Coloração imuno-histoquímica de biomarcadores em seções de neuroesferas de tumores cerebrais

Pegue um slide com seções embebidas em parafina de neuroesferas de tumores cerebrais, aglomerados de células-tronco neurais exibindo biomarcadores de proteínas nucleares específicas do tumor.

Aqueça para derreter a parafina, remova-a usando xileno e reidratie o tecido usando concentrações decrescentes de álcool.

Aqueça em um tampão ácido contendo detergente para desmascarar epítopos nos biomarcadores e permeabilizar as membranas celulares.

Enxágüe e trate com um agente oxidante para inativar as enzimas peroxidase endógenas, evitando sinais inespecíficos.

Aplique uma solução de bloqueio para mascarar locais de ligação não específicos.

Incube com anticorpos primários direcionados aos epítopos dos biomarcadores.

Enxágue e trate com anticorpos secundários conjugados com biotina que se ligam aos anticorpos primários.

Enxágue e incube com uma avidina conjugada com enzima peroxidase, que se liga à biotina.

Adicione um substrato cromogênico e um agente oxidante.

A peroxidase utiliza o agente para converter o substrato em precipitados coloridos, rotulando a localização do biomarcador.

Contra-core os núcleos, desidrate o tecido em álcool e monte a lâmina para obter imagens da distribuição do biomarcador.

Primeiro, derreta a parafina incubando as lâminas em uma prateleira de metal a 60 graus Celsius por 20 minutos. Em seguida, desparafinizei as lâminas via incubação em um trem de reidratação à temperatura ambiente de acordo com o protocolo Tex. Armazene as lâminas em água da torneira para evitar a ligação inespecífica de anticorpos. Depois disso, incube as lâminas em tampão citrato a 125 graus Celsius por 30 segundos a 90 graus Celsius por 10 segundos. Deixe as lâminas esfriarem antes de enxaguá-las cinco vezes com água destilada.

Em seguida, incube as lâminas à temperatura ambiente em peróxido de hidrogênio a 0,3% por 20 minutos. Em seguida, lave as lâminas por cinco minutos três vezes em tampão de lavagem com agitação suave.
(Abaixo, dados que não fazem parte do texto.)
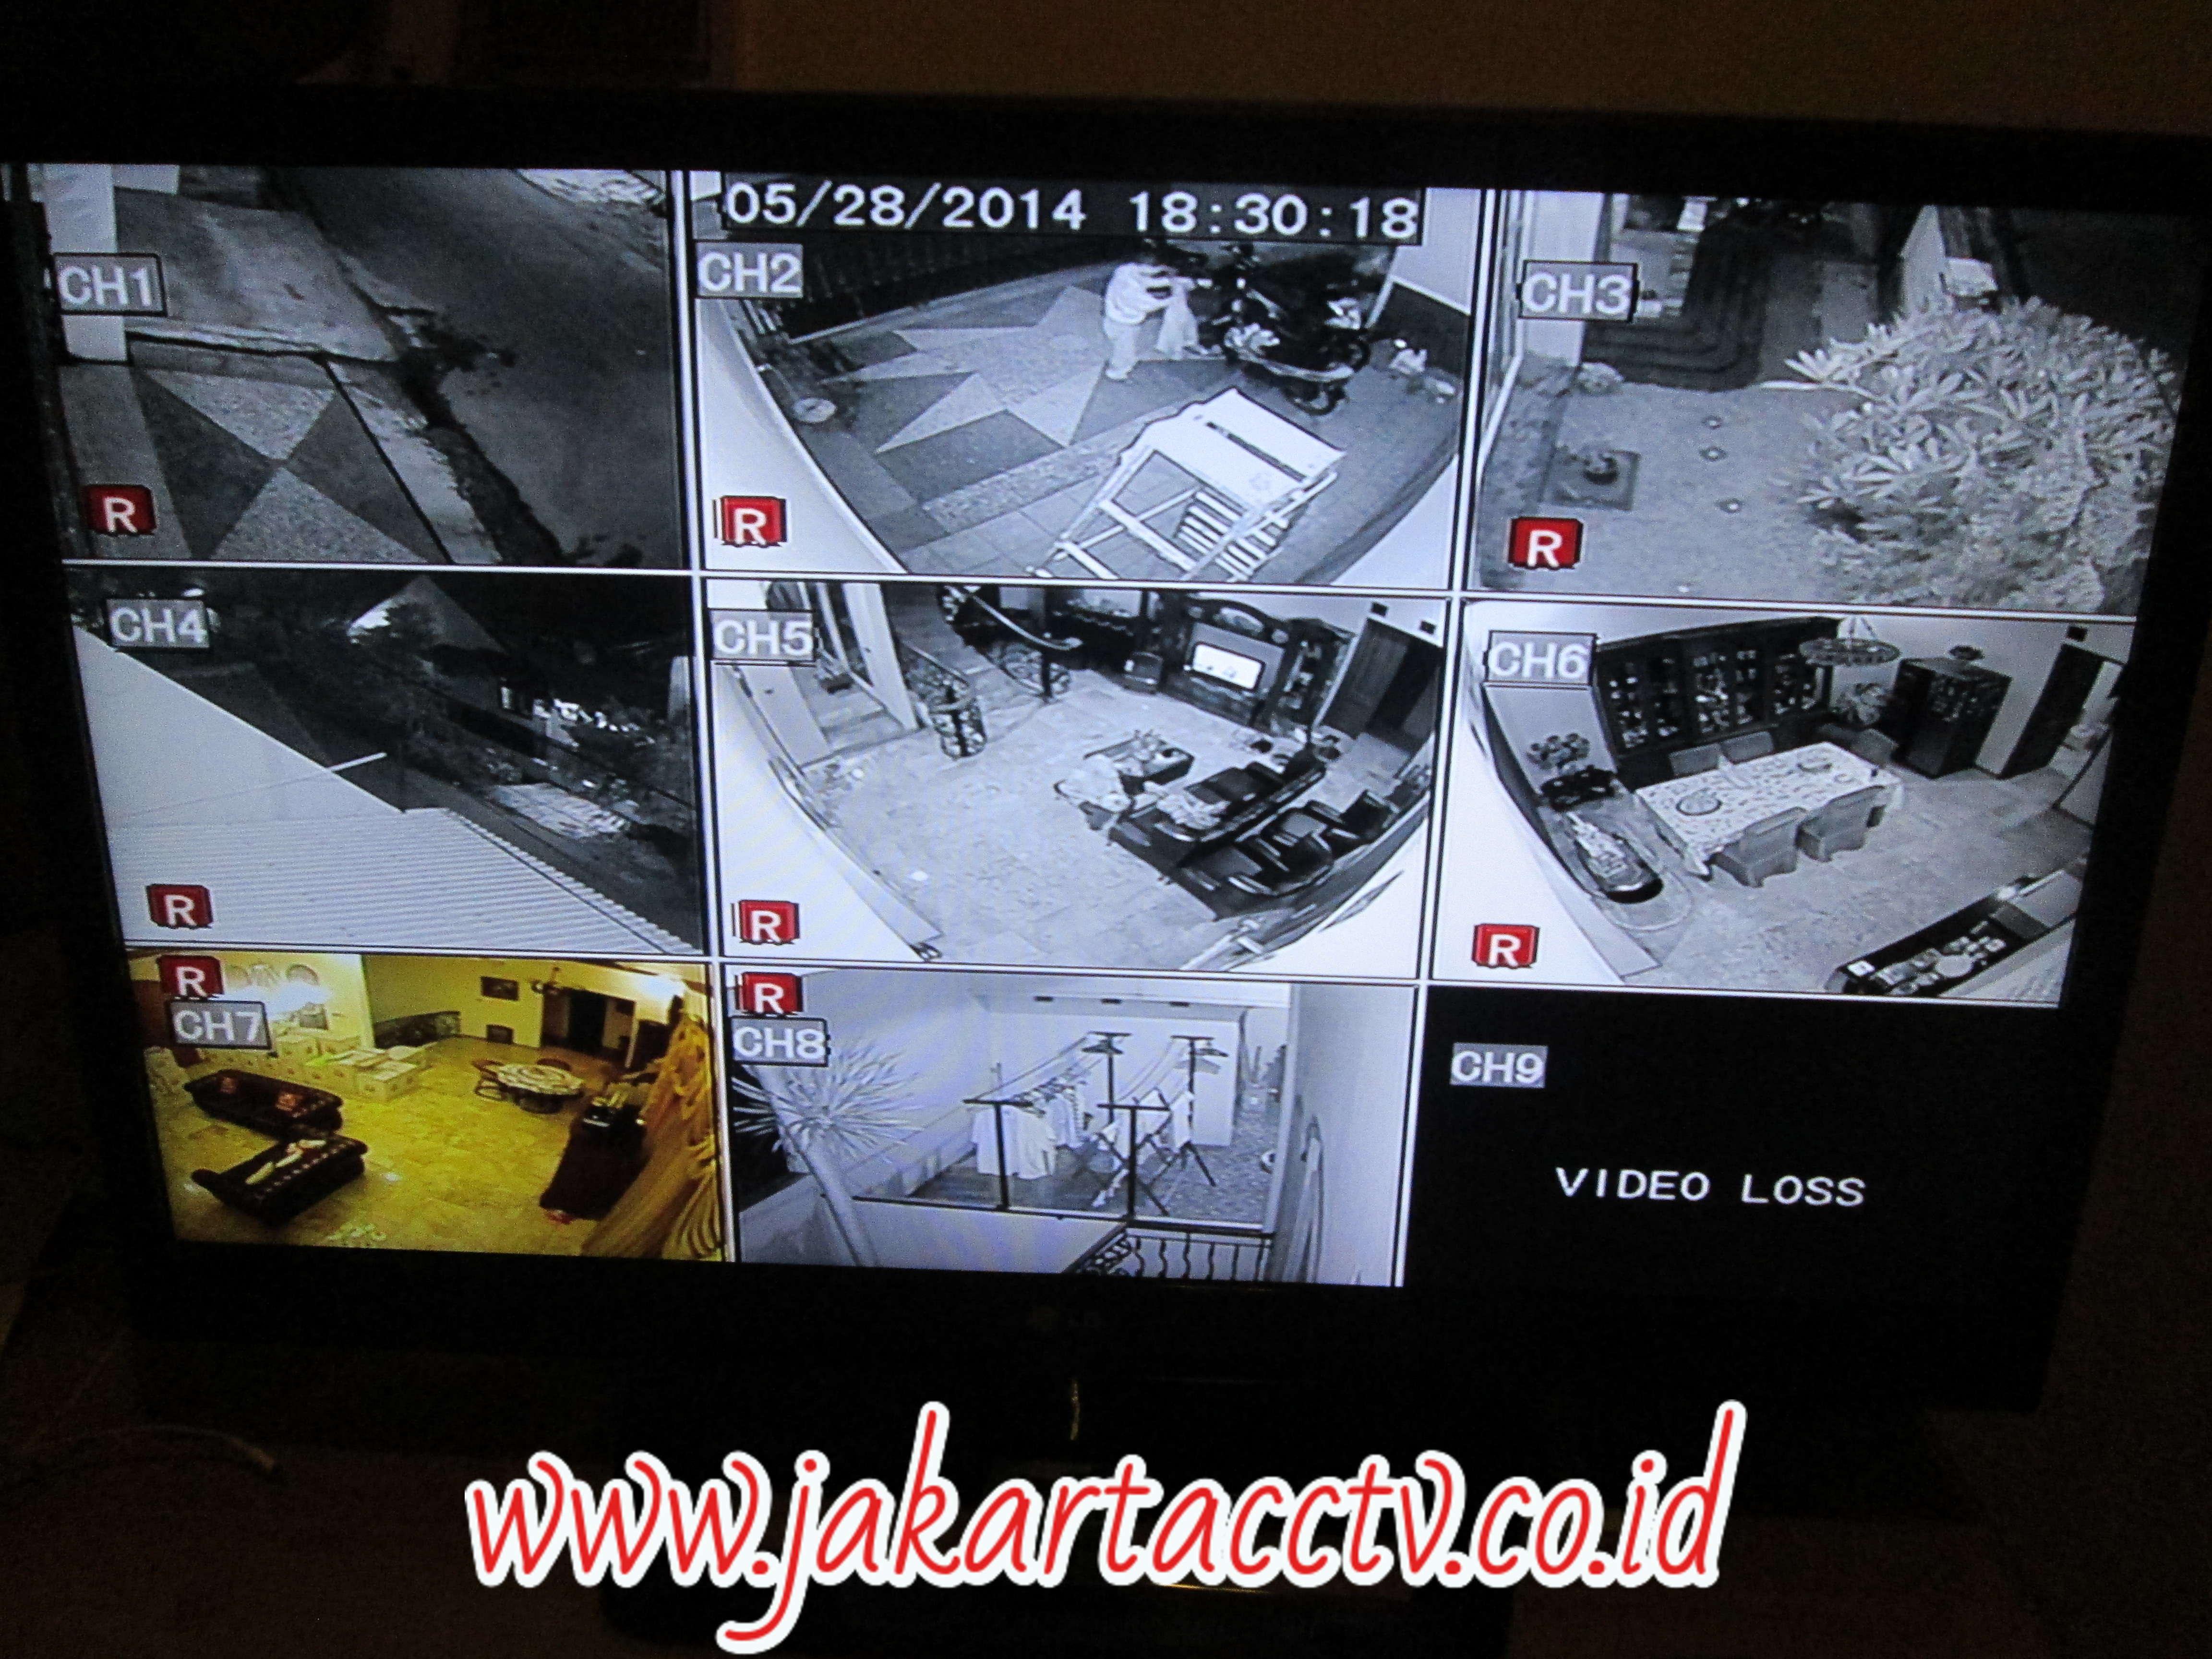 Layar CCTV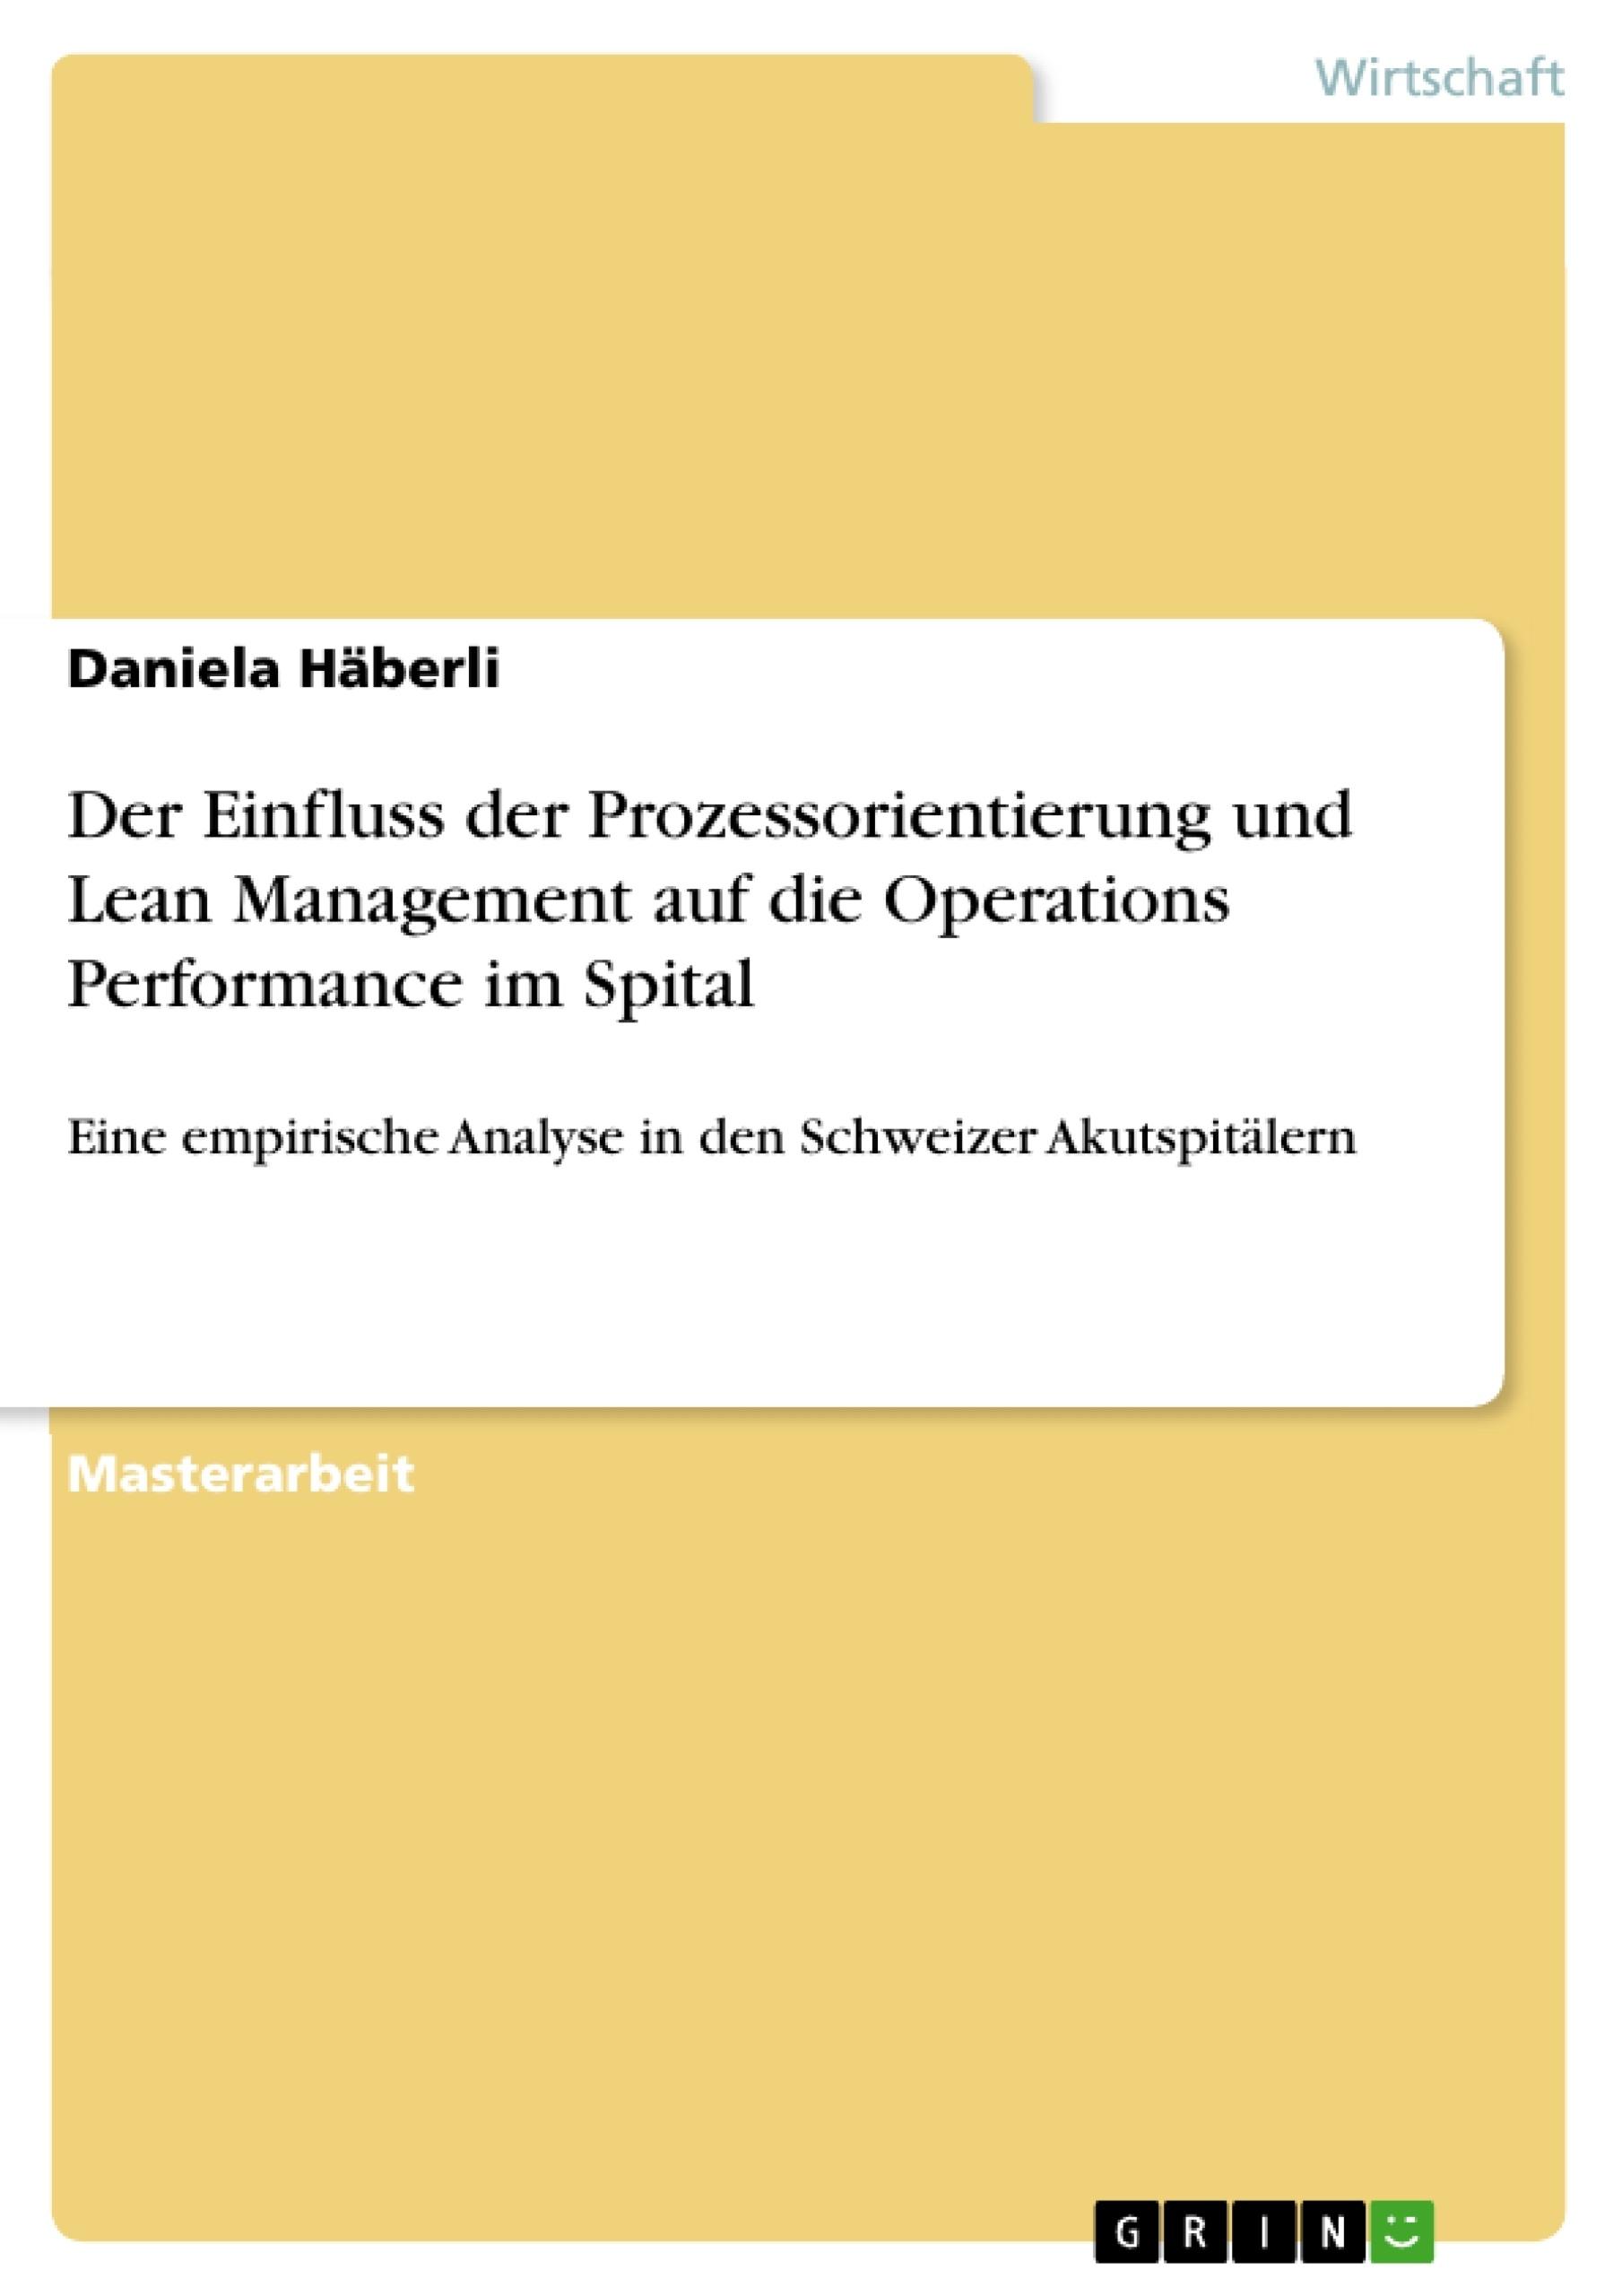 Titel: Der Einfluss der Prozessorientierung und Lean Management auf die Operations Performance im Spital

Incube as lâminas durante a noite em uma câmara umidificada ajustada para 4 graus Celsius com anticorpo primário diluído. Depois disso, lave as lâminas três vezes por cinco minutos com agitação suave.

Em seguida, incubar as lâminas em anticorpo secundário biotinilado diluído à temperatura ambiente durante uma hora. Lave as lâminas três vezes por cinco minutos em tampão de lavagem com agitação suave. Em seguida, incubar as lâminas no complexo peroxidase de rábano biotinilado avidina à temperatura ambiente no escuro durante uma hora. Repita a lavagem conforme descrito anteriormente. Depois disso, incube as lâminas com bandas de substrato de peróxido de hidrogênio por dois a cinco minutos em temperatura ambiente.

Enxágue as lâminas com água da torneira e mergulhe-as em solução de hematoxilina para contracorá-las. Em seguida, enxágue bem as lâminas em água da torneira até que a água saia limpa. Desidrate as lâminas de acordo com o protocolo Tex. Por fim, cubra as lâminas com um meio de montagem à base de xileno e deixe-as secar em uma superfície plana à temperatura ambiente.